This letter is for Wendy Wight. She and her husband, Rob, founded the M.A.D. (Make A Difference) House in downtown Jackson. They are my heroes.

 

You have made incredible sacrifices for the benefit of others, investing your personal resources into our city and her inhabitants. You have educated our people, motivated our people, cried with them, laughed with them, shown them how to survive and be happy, how to cooperate and achieve more together than they ever could have alone. You’re an example of how big a difference one person can make when they focus on accomplishing God’s purpose.

Well done!

One of the questions I’m routinely asked about my work at Westwinds is: How do I start? You probably hear the same question. When people see what you’ve done, and the incredible results you’ve experienced, they must ask you how to begin.

I have fancy names for what we do at The Winds. I refer to our process alternately as “exegeting the culture” or “kerygmatic anthropology.” I know, I know. Those are quite possibly the worst names for anything ever. It takes a PhD in gobbledygook just to pound out the syllables. But, as I explain them, I bet you’ll recognize some of your own process at work.

Whenever we interpret the Bible, it’s called “exegesis.” To “exegete the culture” means to study the world around us, to discern what makes it unique and where those uniquenesses come from. In the simplest terms, it means to accurately determine what our world is like and why.

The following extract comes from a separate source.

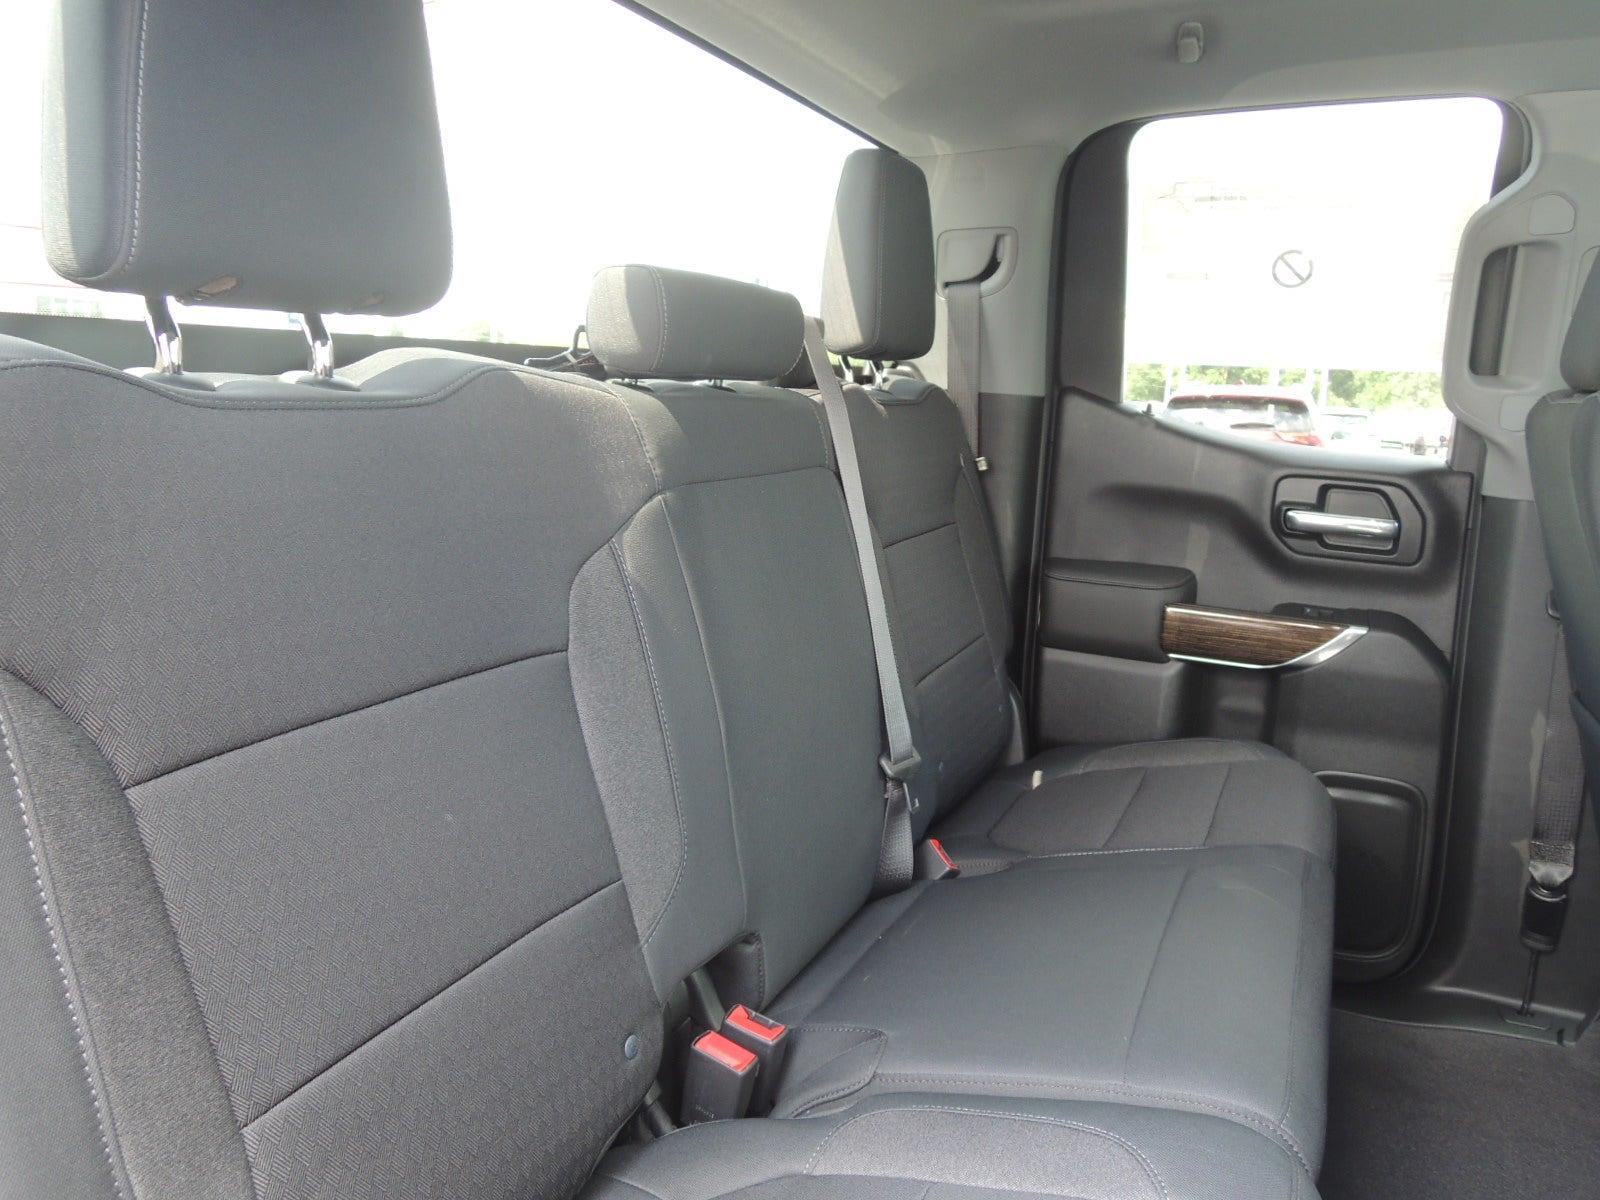 2021 GMC Sierra 1500 Double Cab 4x2, Pickup #MT714 - photo 13

Kerygma is the Greek word for preaching. It doesn’t just refer to oratory, but to any means of communicating the gospel message. Anthropology is the study of human beings and their societies. So, “kerygmatic anthropology” refers to the kind of preaching different kinds of people need in various contexts in order to make sense of the gospel story.

Here’s why I think you and I are often doing the same kinds of things: it all starts with people. We look at the people around us, and we ask God what they need. Sometimes those needs are obvious—hungry people need food, apathetic people need purpose, sick people need medicine, lonely people need friends—but sometimes those needs are far more complex, and far less visible. And sometimes people have needs that are so specialized, so individual, that we have no hope of figuring out what those needs are without help from God.

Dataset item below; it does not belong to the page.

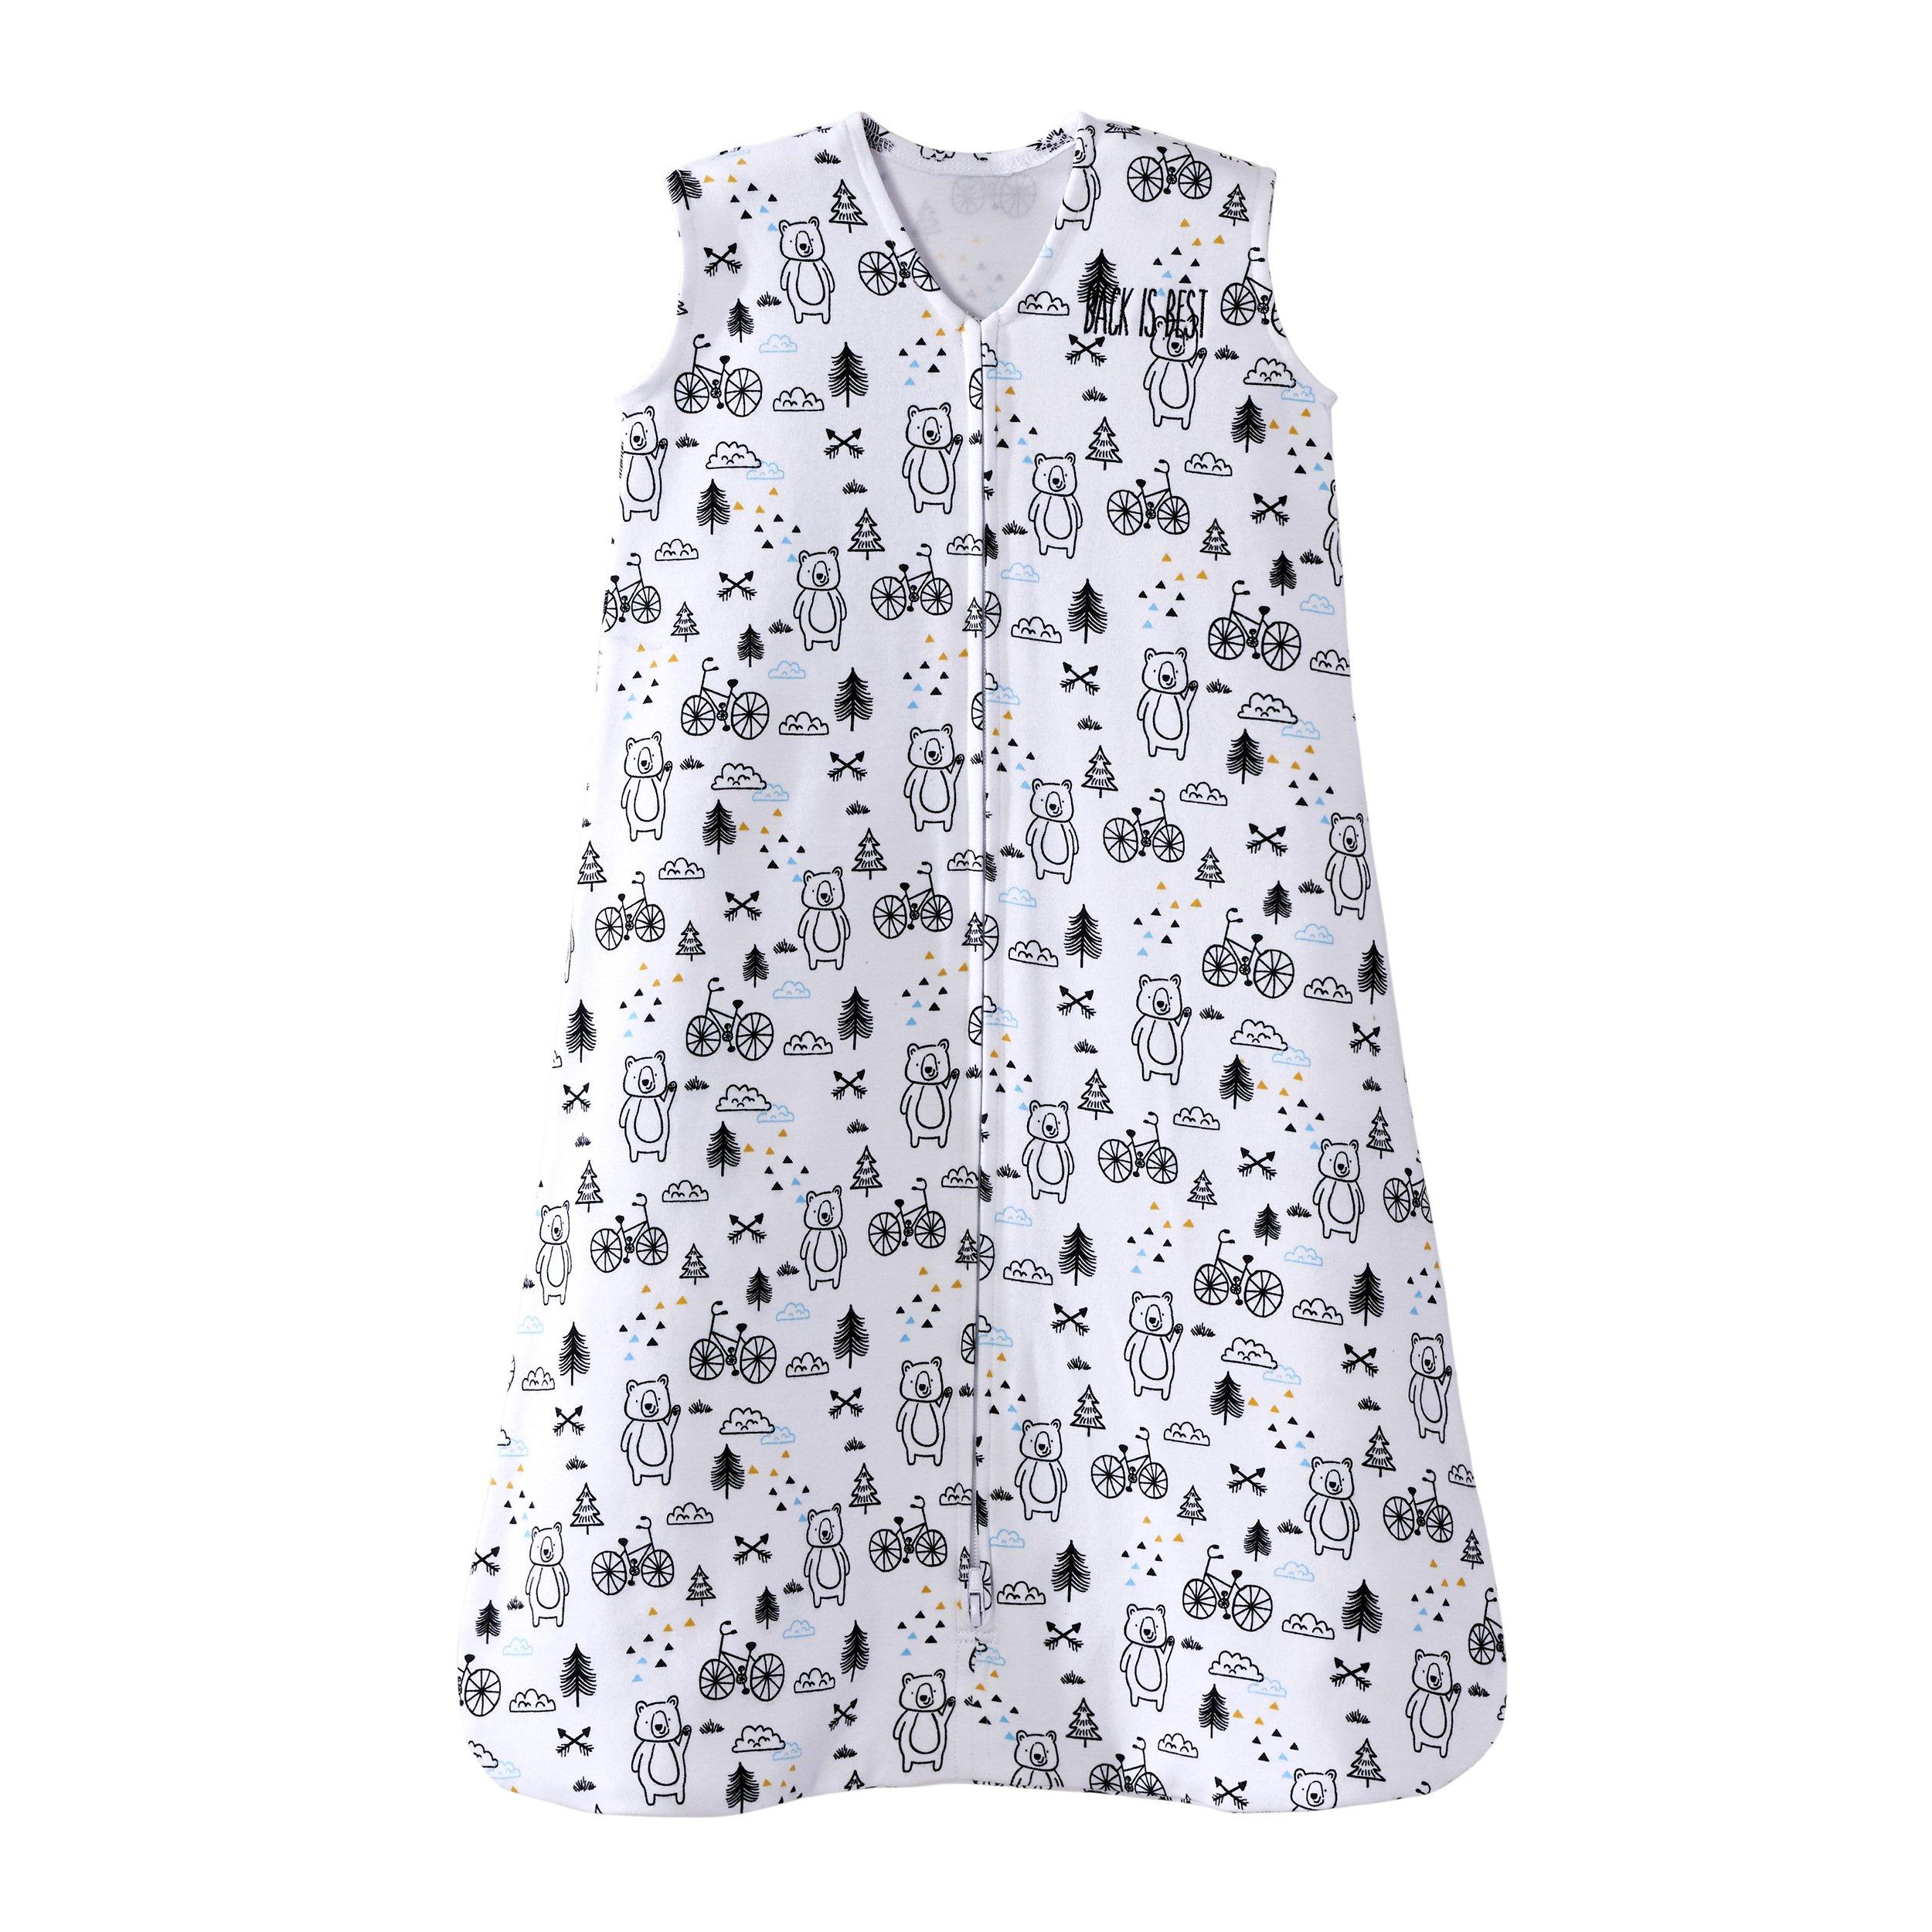 Halo SleepSack 100% Cotton Wearable Blanket, Huggy Bears, Medium

It is, after all, God who motivates us to help them in the first place, so it stands to reason that God can be trusted to give us wisdom and insight while we do the work he has prepared for us to do.

After we begin with the people around us, we have to figure out what’s available to us for them. Are there other people out there—organizations, charities, good-intentioned corporations—who want to help the very problems we’ve identified? If so, we ask God for grace and favor to bring the helpers together with those in need.

This kind of cooperation is one of the major themes in this book, the idea of God calling us to draw together the resources of Creation, to bring wise order to the garden, and to release human potential. We all have the potential to do good and to rise up and become better shadows of God in the process. We all have some resources that can be leveraged for acts of creative goodness working to heal the world. What we need, what the entire world needs, is more people like you.

You’re the connector. You’re the risk-taker. You’re the visionary. You’re the entrepreneur. You’re the agent of God’s transforming kingdom, cooperating with him to heal the world.

We’re proud of you. We want to be infected by you. And we want to celebrate all you have accomplished, even as we try to figure out how to do it ourselves.